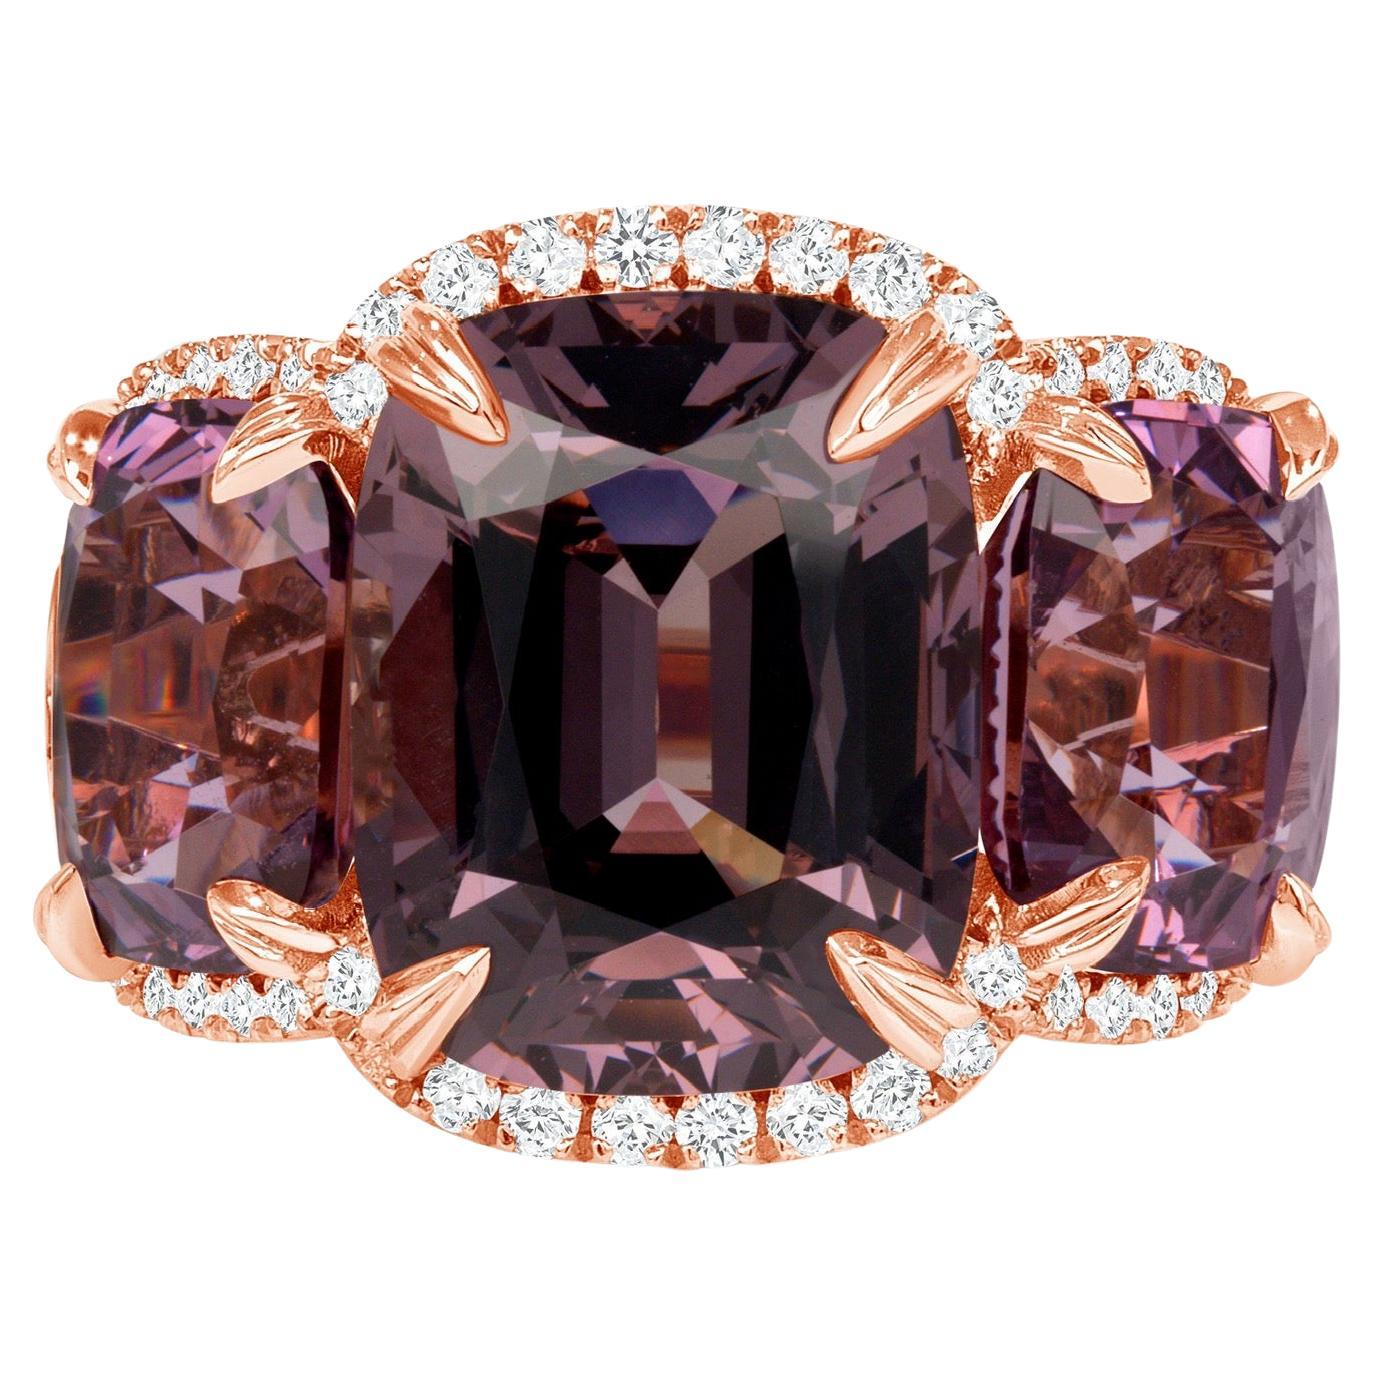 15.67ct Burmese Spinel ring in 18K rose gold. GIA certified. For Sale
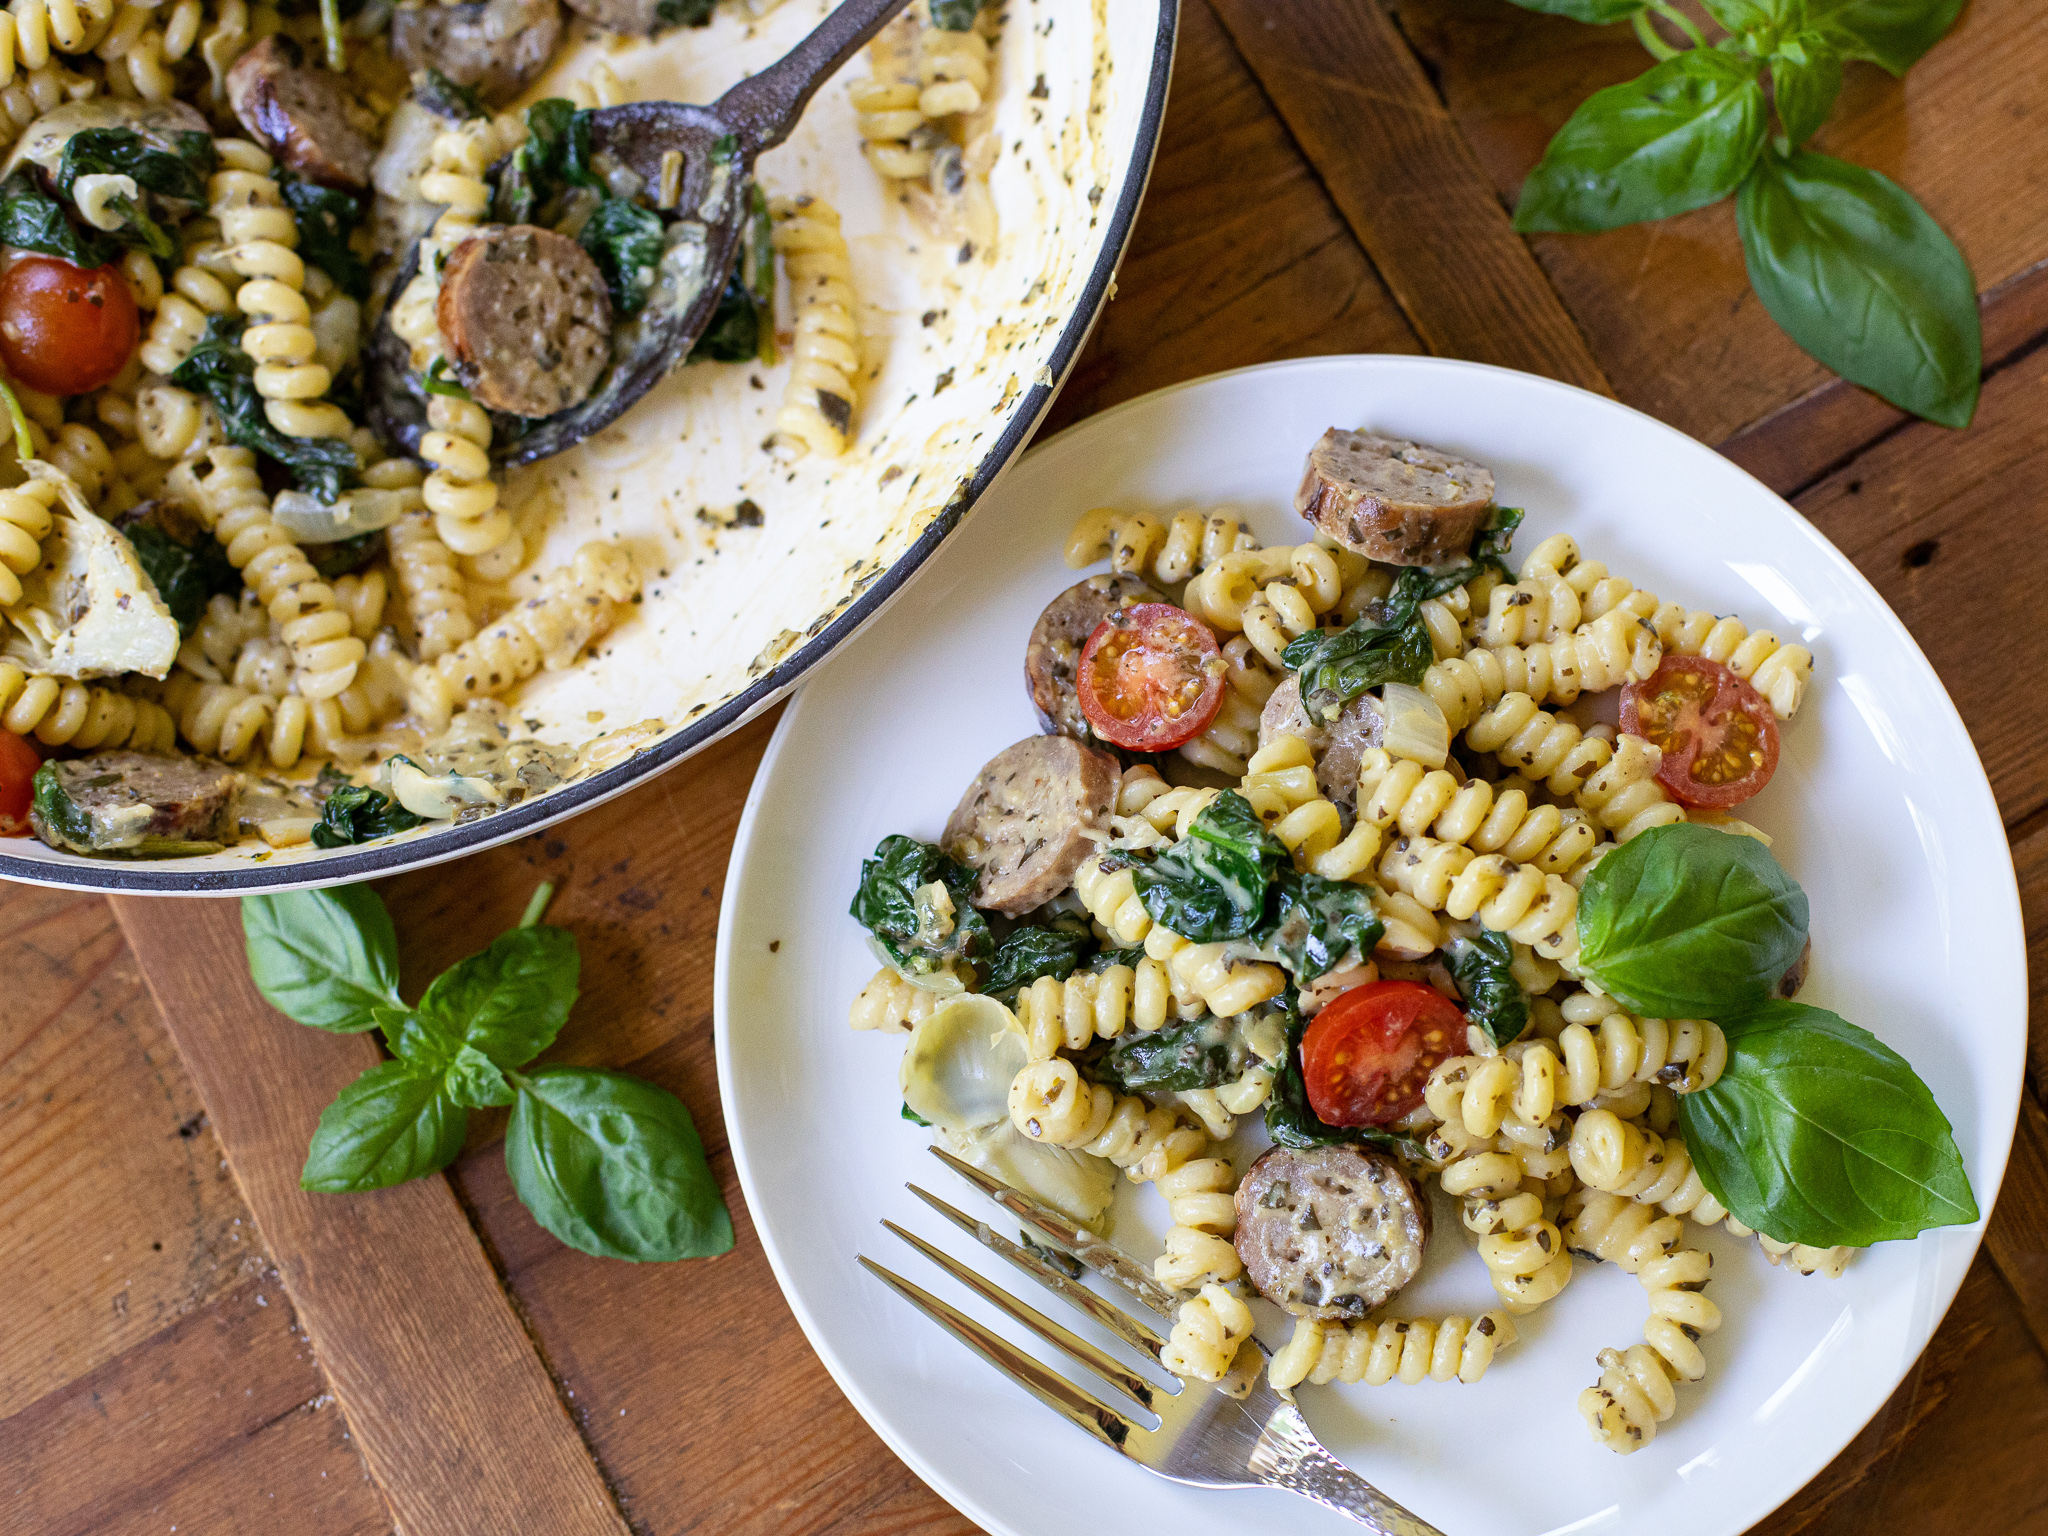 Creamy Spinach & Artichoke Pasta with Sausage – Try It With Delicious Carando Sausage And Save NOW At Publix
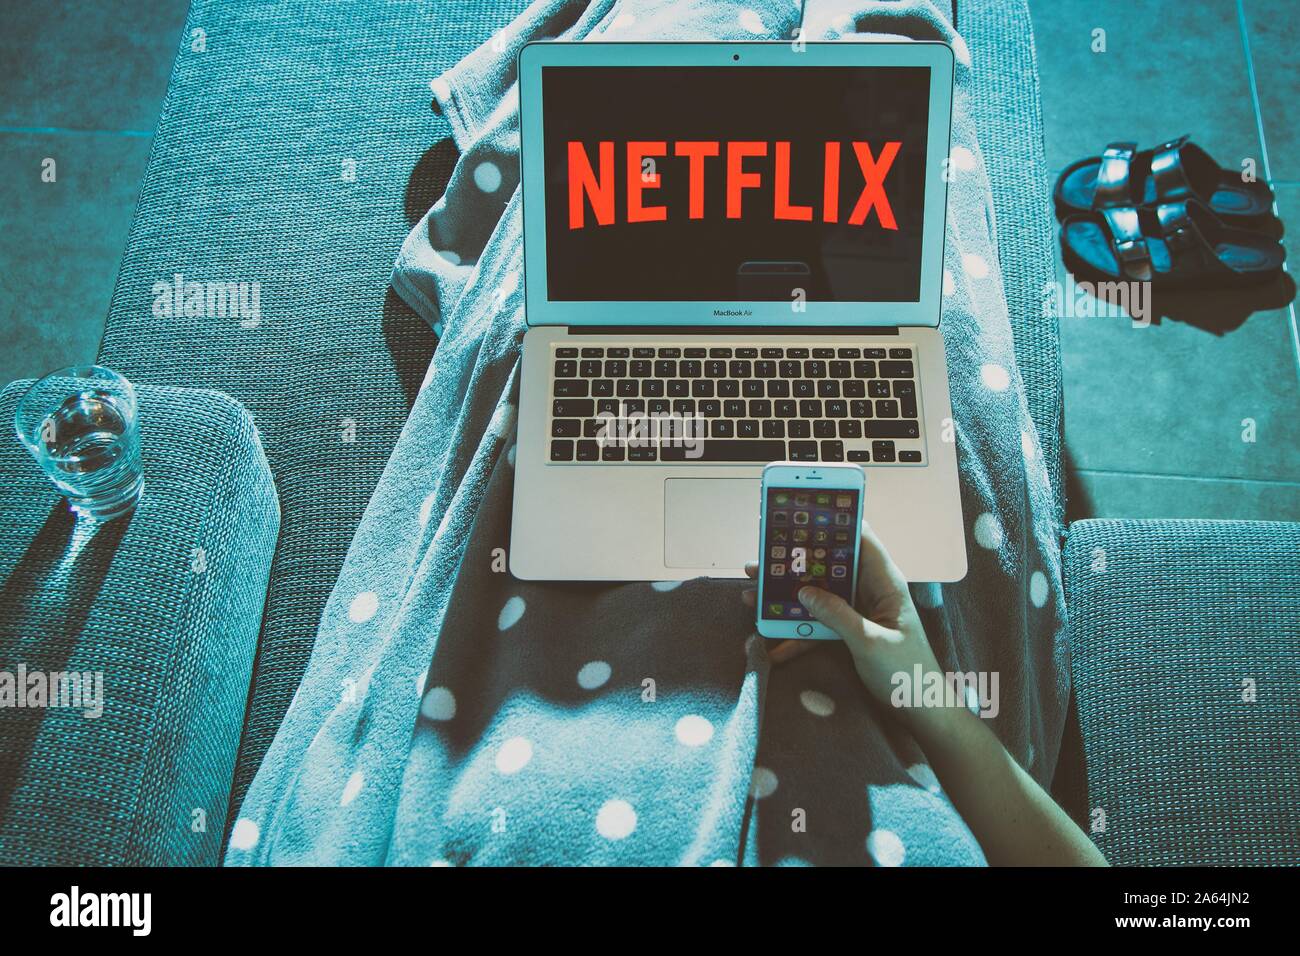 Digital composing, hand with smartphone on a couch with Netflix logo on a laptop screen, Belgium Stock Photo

PROBLEM DETAILS — Pictures stay out. Return exactly the lines from the one with "Creamy Spinach &" through the last line of the data.

RESULT OF THE TASK —
 Creamy Spinach & Artichoke Pasta with Sausage – Try It With Delicious Carando Sausage And Save NOW At Publix
 Digital composing, hand with smartphone on a couch with Netflix logo on a laptop screen, Belgium Stock Photo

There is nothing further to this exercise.